### Supplied information
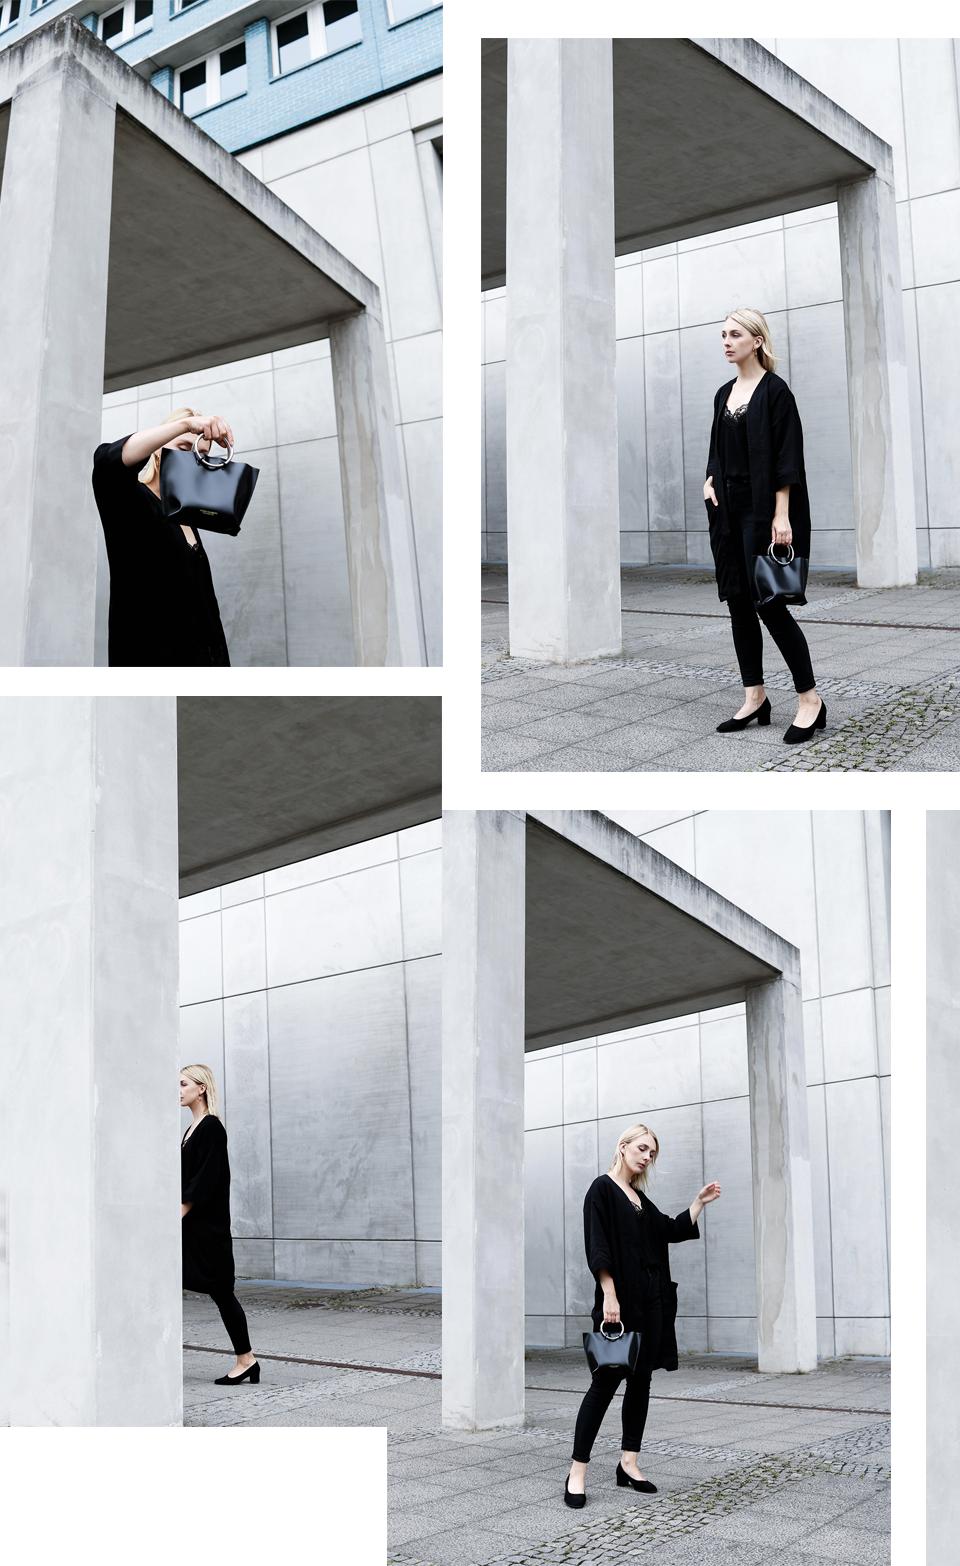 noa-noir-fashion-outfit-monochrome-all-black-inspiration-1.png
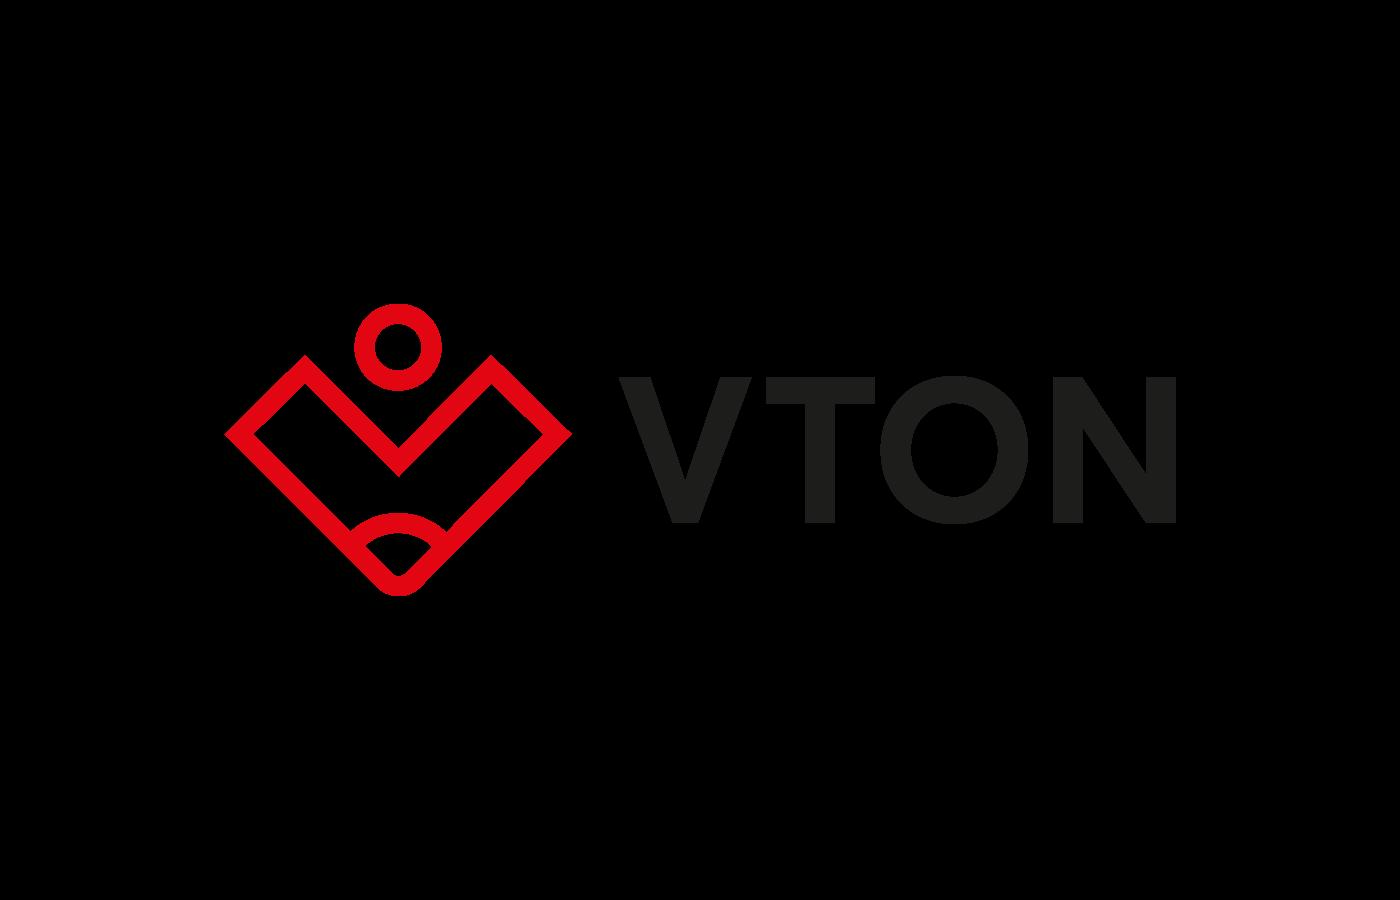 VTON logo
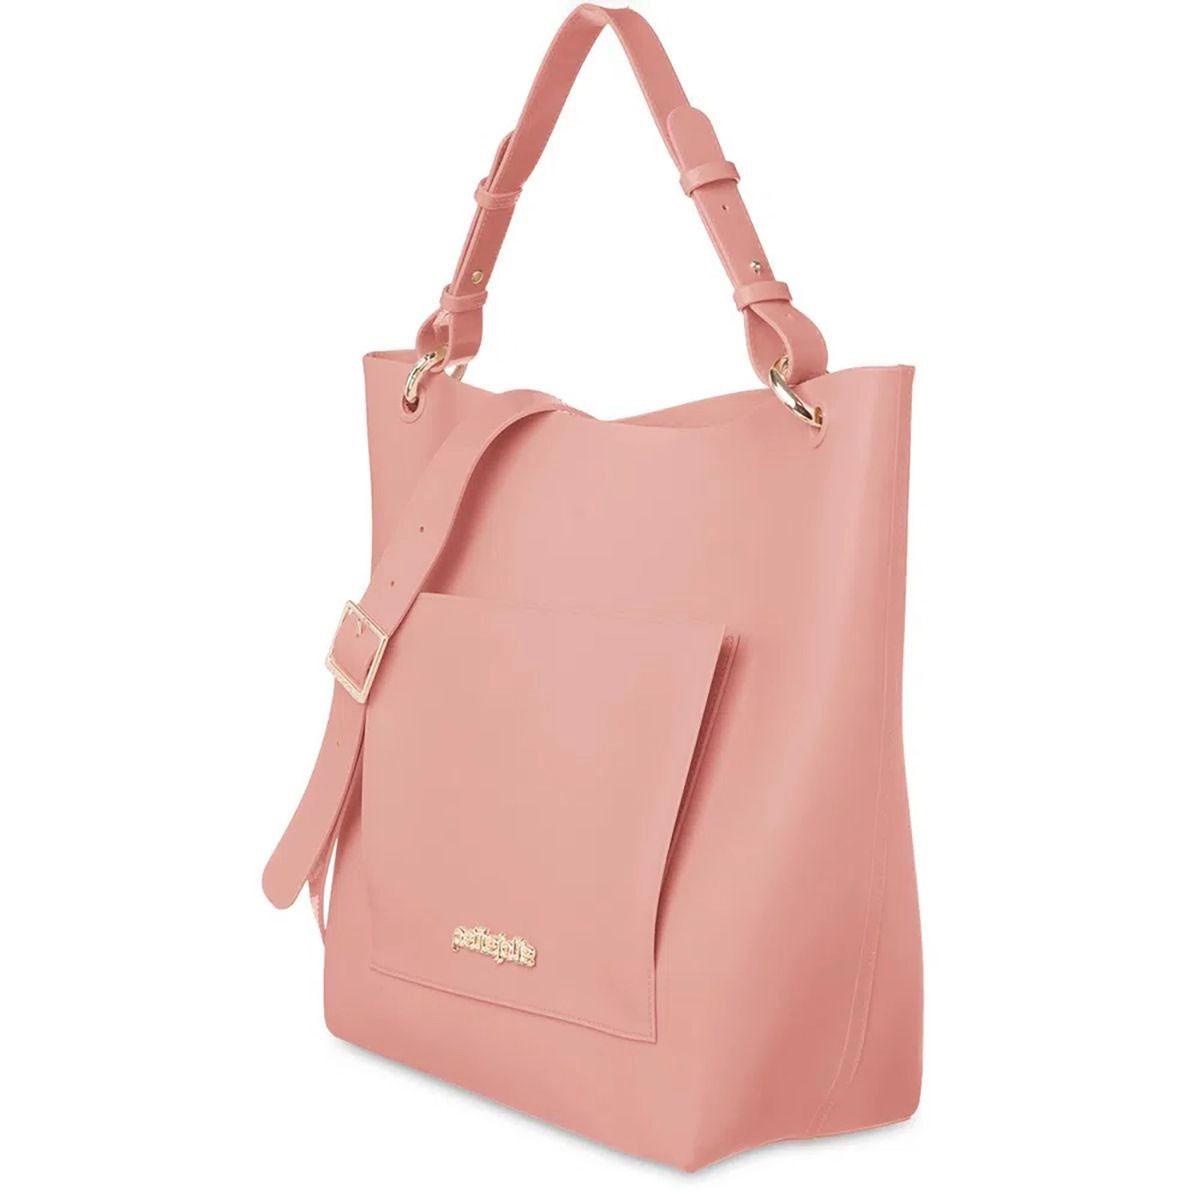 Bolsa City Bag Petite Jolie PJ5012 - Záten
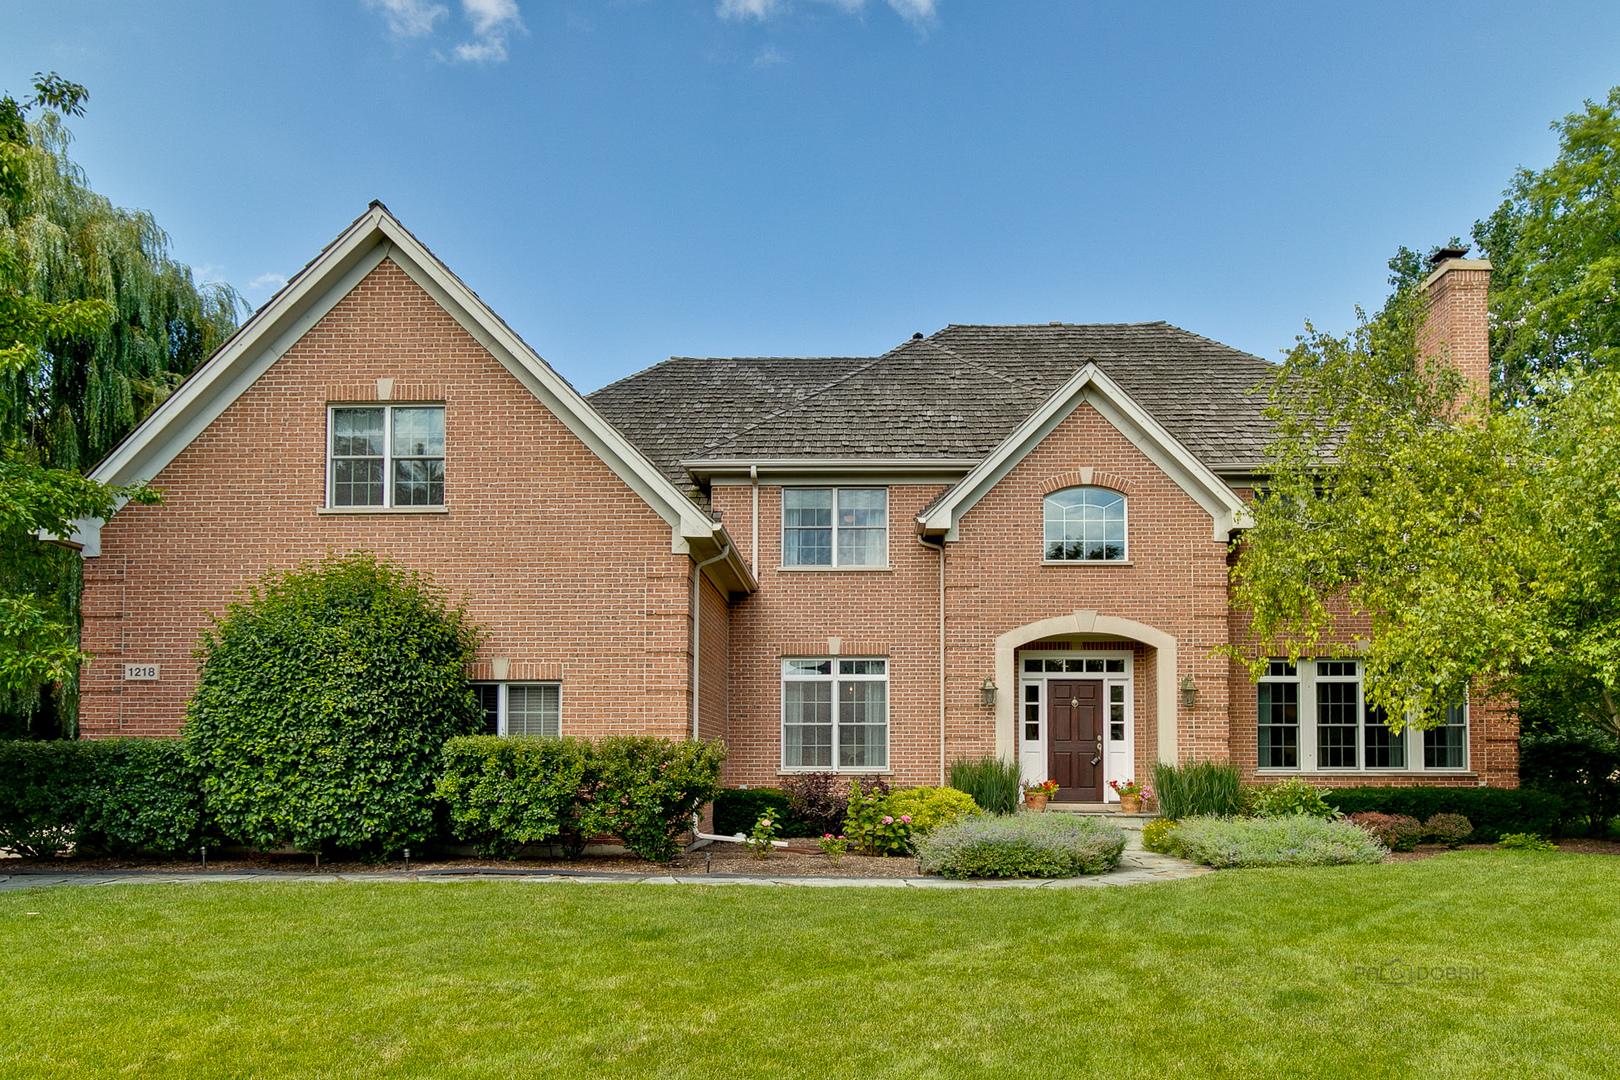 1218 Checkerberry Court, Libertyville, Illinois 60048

### Goal of the exercise
Locate the line containing "Bolsa City Bag Petite Jolie PJ5012 - Záten" in the material above, then repeat it and every later line exactly, with no pictures.

### Response
 Bolsa City Bag Petite Jolie PJ5012 - Záten
 1218 Checkerberry Court, Libertyville, Illinois 60048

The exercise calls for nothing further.